(Data provided):
..............................
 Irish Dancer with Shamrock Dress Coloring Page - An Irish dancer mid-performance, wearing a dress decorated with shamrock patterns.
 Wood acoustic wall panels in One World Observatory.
..............................
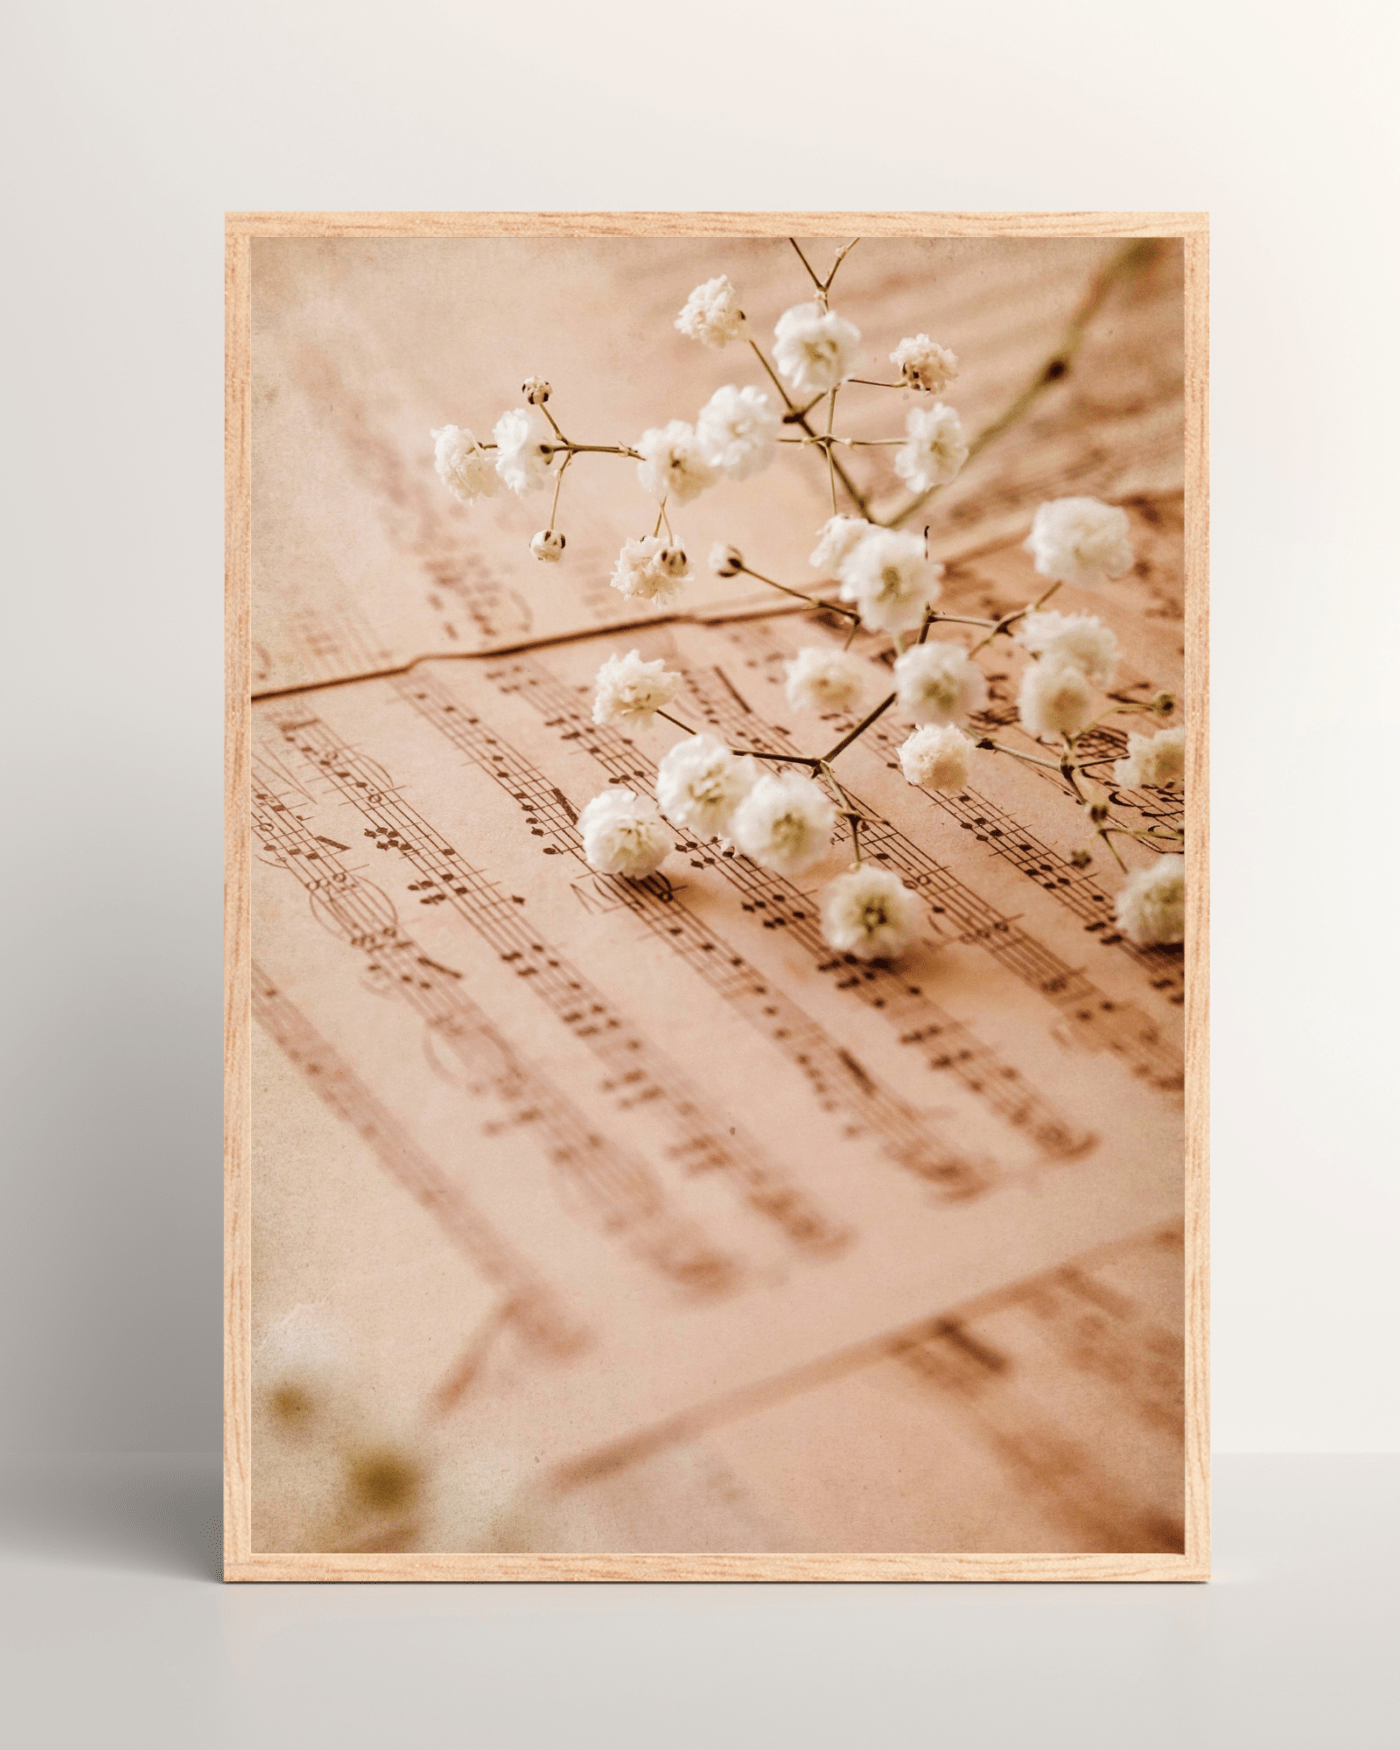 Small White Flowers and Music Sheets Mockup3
..............................
(Aim of the task):
In the listing above, find the line with "Irish Dancer with" and the line with "Wood acoustic wall". Output those two lines and every line between them, exactly as written.

(Response):
 Irish Dancer with Shamrock Dress Coloring Page - An Irish dancer mid-performance, wearing a dress decorated with shamrock patterns.
 Wood acoustic wall panels in One World Observatory.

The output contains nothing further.